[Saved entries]

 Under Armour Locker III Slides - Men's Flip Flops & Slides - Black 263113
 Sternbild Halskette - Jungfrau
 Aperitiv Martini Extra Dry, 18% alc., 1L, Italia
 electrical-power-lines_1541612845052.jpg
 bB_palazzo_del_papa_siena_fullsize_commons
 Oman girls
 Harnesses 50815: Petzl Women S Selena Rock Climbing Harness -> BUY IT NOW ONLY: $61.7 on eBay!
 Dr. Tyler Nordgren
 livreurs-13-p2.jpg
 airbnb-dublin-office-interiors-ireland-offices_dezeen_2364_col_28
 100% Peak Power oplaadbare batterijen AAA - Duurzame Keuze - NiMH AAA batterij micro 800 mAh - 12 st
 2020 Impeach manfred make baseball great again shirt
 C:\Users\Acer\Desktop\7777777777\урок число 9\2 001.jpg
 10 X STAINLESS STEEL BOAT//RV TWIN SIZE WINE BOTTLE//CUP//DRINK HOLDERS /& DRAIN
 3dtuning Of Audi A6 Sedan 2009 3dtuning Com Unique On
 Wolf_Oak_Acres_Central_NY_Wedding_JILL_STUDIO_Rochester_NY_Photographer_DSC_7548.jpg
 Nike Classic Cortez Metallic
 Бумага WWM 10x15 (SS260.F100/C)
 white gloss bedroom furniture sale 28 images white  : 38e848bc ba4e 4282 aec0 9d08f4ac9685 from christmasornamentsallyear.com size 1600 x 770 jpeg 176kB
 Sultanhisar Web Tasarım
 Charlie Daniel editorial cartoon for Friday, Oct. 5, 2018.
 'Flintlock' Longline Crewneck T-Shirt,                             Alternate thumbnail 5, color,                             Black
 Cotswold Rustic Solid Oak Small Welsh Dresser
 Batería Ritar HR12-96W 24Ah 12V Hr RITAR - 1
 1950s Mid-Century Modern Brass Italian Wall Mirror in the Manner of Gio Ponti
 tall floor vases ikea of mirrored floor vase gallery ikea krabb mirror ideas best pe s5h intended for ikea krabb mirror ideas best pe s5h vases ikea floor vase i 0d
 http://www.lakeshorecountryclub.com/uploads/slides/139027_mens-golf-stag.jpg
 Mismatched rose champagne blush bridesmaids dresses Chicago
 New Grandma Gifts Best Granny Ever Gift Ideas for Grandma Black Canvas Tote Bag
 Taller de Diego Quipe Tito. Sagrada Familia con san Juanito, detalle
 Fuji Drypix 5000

Exercise description.
Repeat the data in full, matching each line exactly.

Written solution.
 Under Armour Locker III Slides - Men's Flip Flops & Slides - Black 263113
 Sternbild Halskette - Jungfrau
 Aperitiv Martini Extra Dry, 18% alc., 1L, Italia
 electrical-power-lines_1541612845052.jpg
 bB_palazzo_del_papa_siena_fullsize_commons
 Oman girls
 Harnesses 50815: Petzl Women S Selena Rock Climbing Harness -> BUY IT NOW ONLY: $61.7 on eBay!
 Dr. Tyler Nordgren
 livreurs-13-p2.jpg
 airbnb-dublin-office-interiors-ireland-offices_dezeen_2364_col_28
 100% Peak Power oplaadbare batterijen AAA - Duurzame Keuze - NiMH AAA batterij micro 800 mAh - 12 st
 2020 Impeach manfred make baseball great again shirt
 C:\Users\Acer\Desktop\7777777777\урок число 9\2 001.jpg
 10 X STAINLESS STEEL BOAT//RV TWIN SIZE WINE BOTTLE//CUP//DRINK HOLDERS /& DRAIN
 3dtuning Of Audi A6 Sedan 2009 3dtuning Com Unique On
 Wolf_Oak_Acres_Central_NY_Wedding_JILL_STUDIO_Rochester_NY_Photographer_DSC_7548.jpg
 Nike Classic Cortez Metallic
 Бумага WWM 10x15 (SS260.F100/C)
 white gloss bedroom furniture sale 28 images white  : 38e848bc ba4e 4282 aec0 9d08f4ac9685 from christmasornamentsallyear.com size 1600 x 770 jpeg 176kB
 Sultanhisar Web Tasarım
 Charlie Daniel editorial cartoon for Friday, Oct. 5, 2018.
 'Flintlock' Longline Crewneck T-Shirt,                             Alternate thumbnail 5, color,                             Black
 Cotswold Rustic Solid Oak Small Welsh Dresser
 Batería Ritar HR12-96W 24Ah 12V Hr RITAR - 1
 1950s Mid-Century Modern Brass Italian Wall Mirror in the Manner of Gio Ponti
 tall floor vases ikea of mirrored floor vase gallery ikea krabb mirror ideas best pe s5h intended for ikea krabb mirror ideas best pe s5h vases ikea floor vase i 0d
 http://www.lakeshorecountryclub.com/uploads/slides/139027_mens-golf-stag.jpg
 Mismatched rose champagne blush bridesmaids dresses Chicago
 New Grandma Gifts Best Granny Ever Gift Ideas for Grandma Black Canvas Tote Bag
 Taller de Diego Quipe Tito. Sagrada Familia con san Juanito, detalle
 Fuji Drypix 5000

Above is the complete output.